Muscle Thickness Decreases Over Time in SMA Type 1 as Measured by Ultrasound
Children with spinal muscular atrophy (SMA) have weaker muscles than children who are not affected by muscle myopathies and new results from a study conducted at Washington University School of Medicine in St. Louis, Missouri, indicate this muscle weakness may be due to differences in muscle thickness. Researchers used ultrasound to measure muscle thickness in the arms and legs of three children with SMA and found negative changes over time.
As described in “Quantitative Muscle Ultrasound Measures Rapid Declines Over Time in Children with SMA Type 1,” which was published in Journal of the Neurological Sciences, children with SMA type 2 and 3 do not show changes in muscle size over time. However, it was unknown if muscle size changes over time in children with the more severe SMA type 1. In order to answer this important question, a research team led by Dr. Kay W. Ng identified three infants–aged one, six, and eleven months–who had SMA type 1 and measured their muscle thickness using ultrasound. Measurements were repeated two or four months later.

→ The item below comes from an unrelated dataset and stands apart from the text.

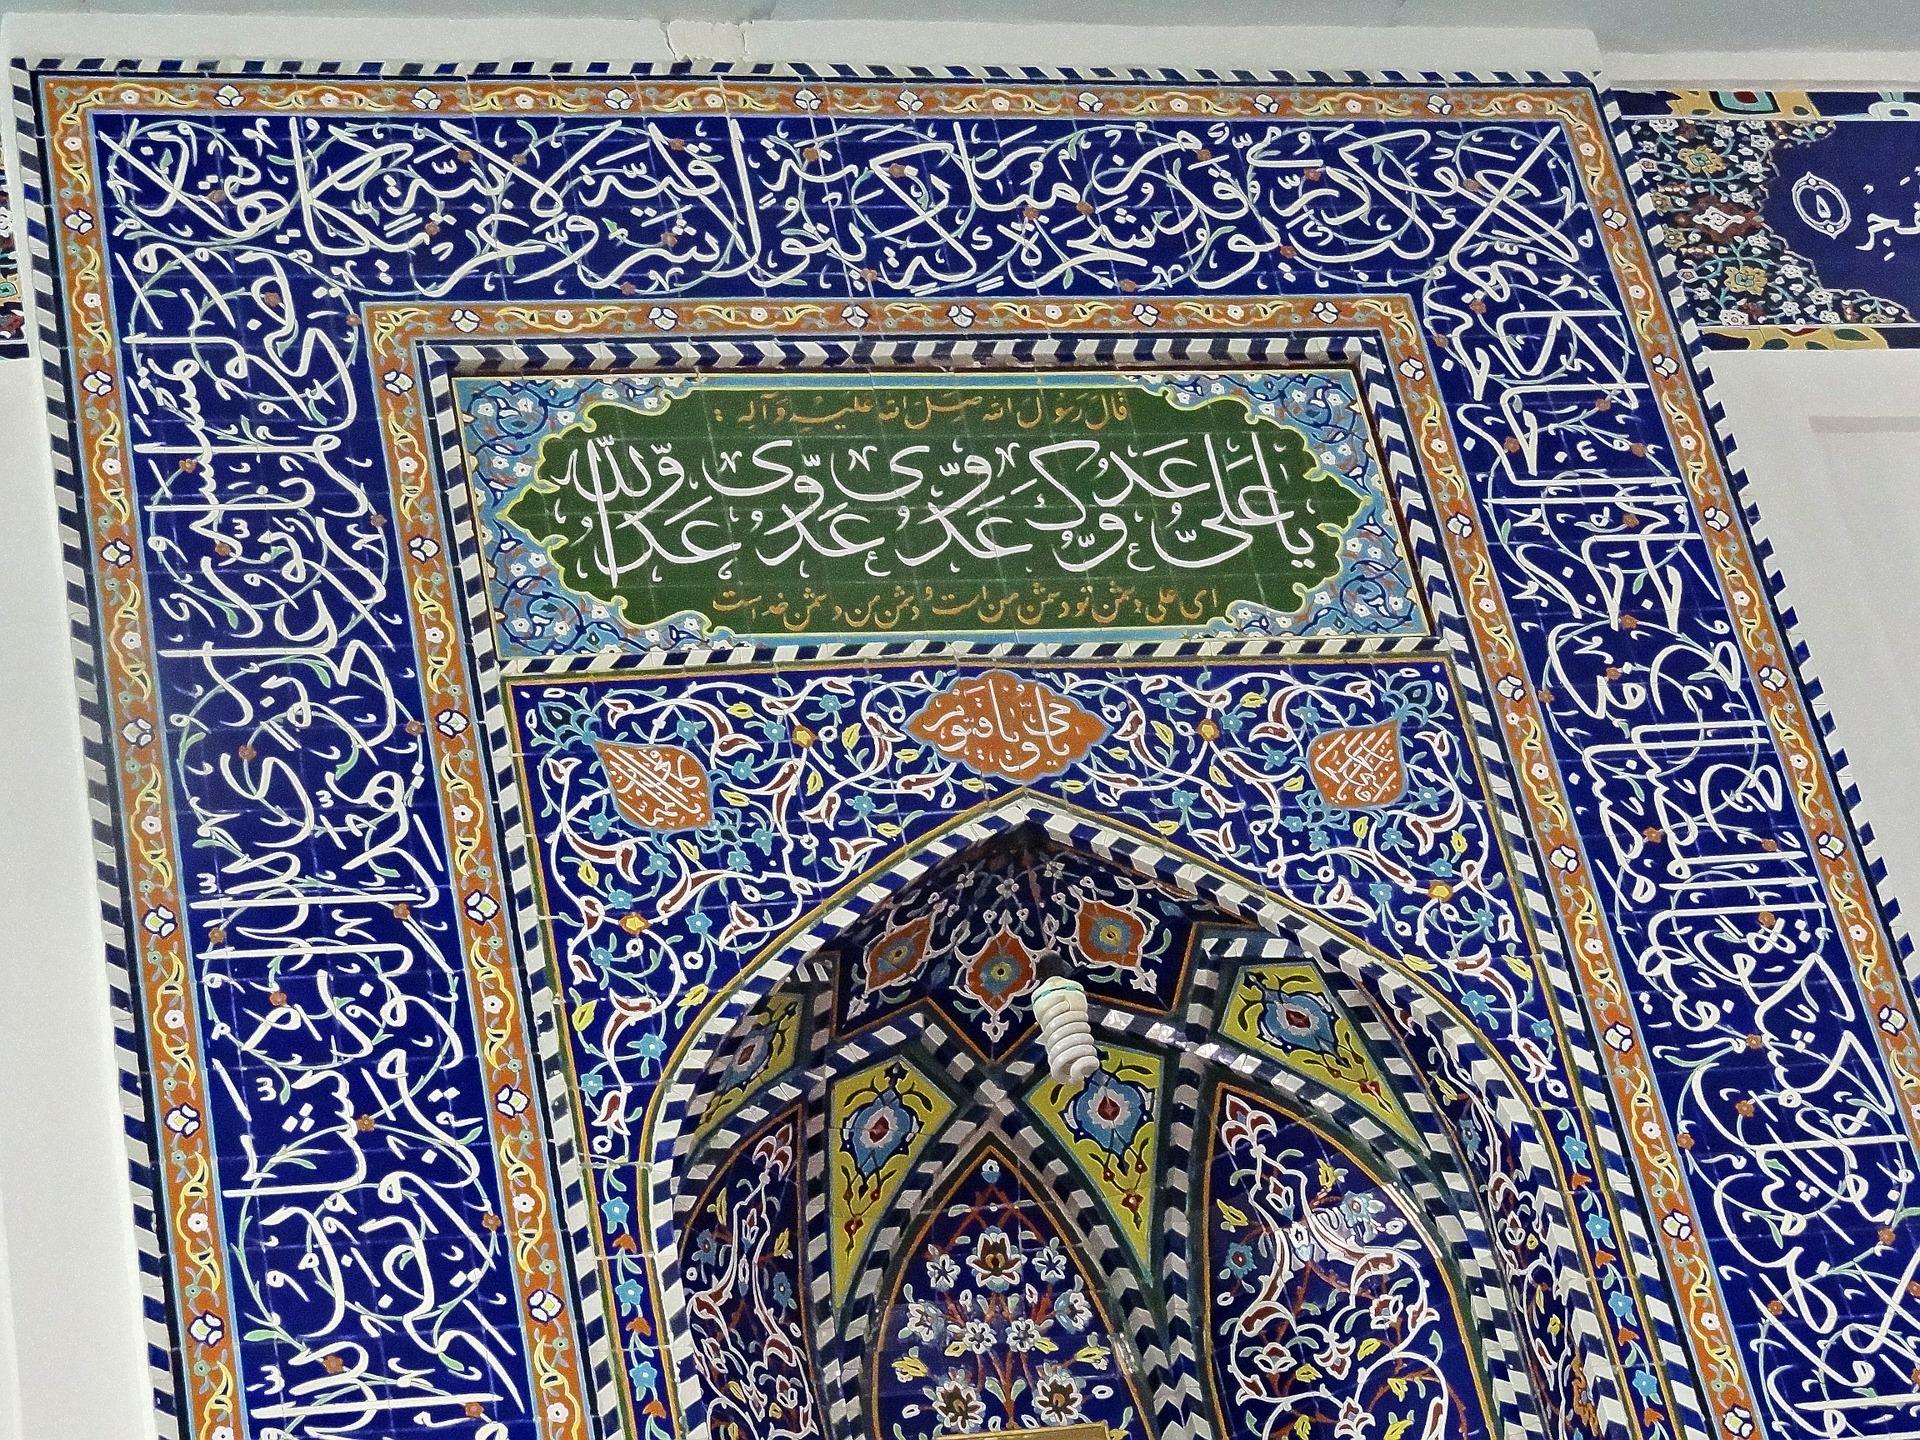 The Islamic holiday of Mawlid-al-Nabi celebrates the Prophet Muhammad's Birthday
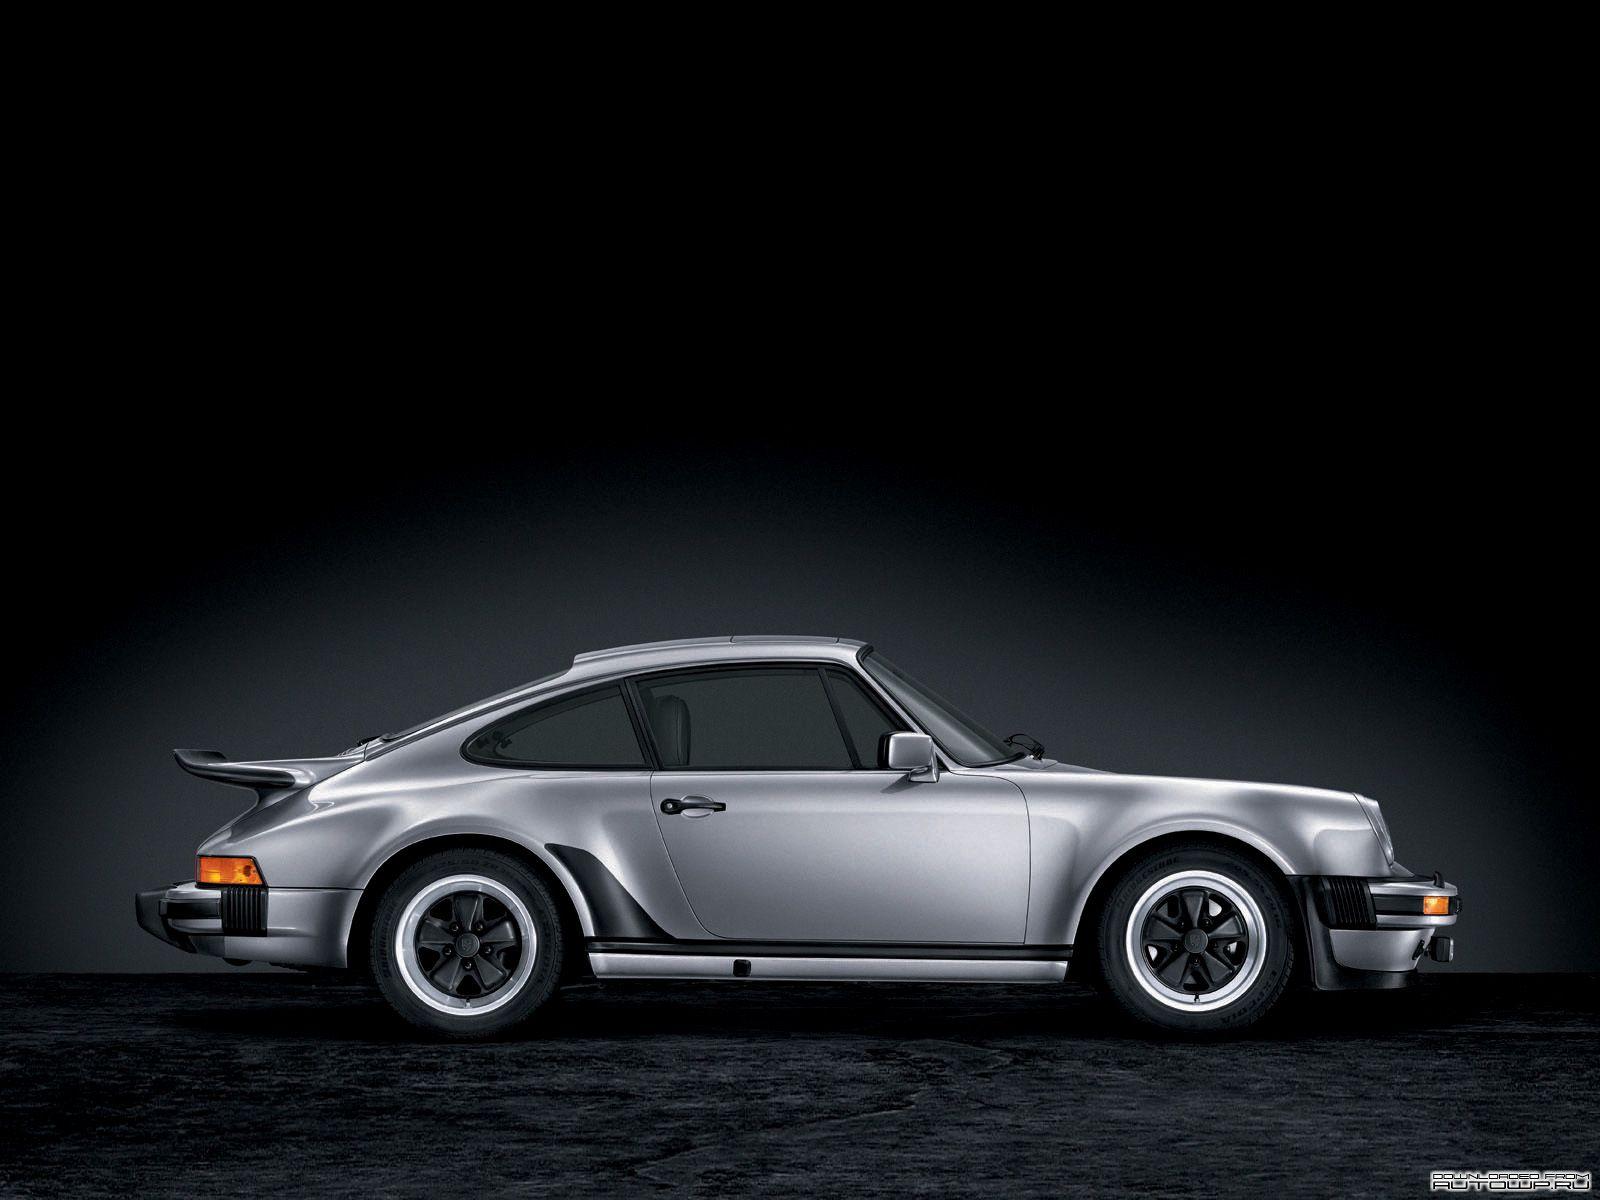 Pin By Dcmetromodern On Passion For Porsches Porsche 911

Although at baseline the children showed normal muscle thickness, except for the quadriceps (thigh) muscle in the oldest child, at the later time point muscle thickness decreased. All three children showed lower than normal quadriceps muscle thickness. Negative changes were also noted in the biceps of two children and the anterior forearm of one child, but the tibialis anterior (shin) muscles were unchanged in all three. This indicates that not all muscles are affected equally throughout time by SMA type 1–muscles closer to the body were more affected than those further from the body.
The researchers were especially interested in using ultrasound for their study because it is a relatively simple and less painful technique to measure muscle thickness and function in children. Other researchers have used magnetic resonance imaging (MRI) or compound muscle action potential (CMAP) testing, but these techniques require high levels of training for hospital personnel and may be painful for children. Ultrasound is different in that it uses pulses of sound to create an image that can then be analyzed for thickness and cross sectional area with accuracy similar to that of MRI.
Although it has been shown that muscle size does not change in children with SMA types 2 and 3, this new study suggests that ultrasound may be an important tool for clinicians who see SMA patients, since it can detect changes in muscle size in children with the more severe SMA type 1.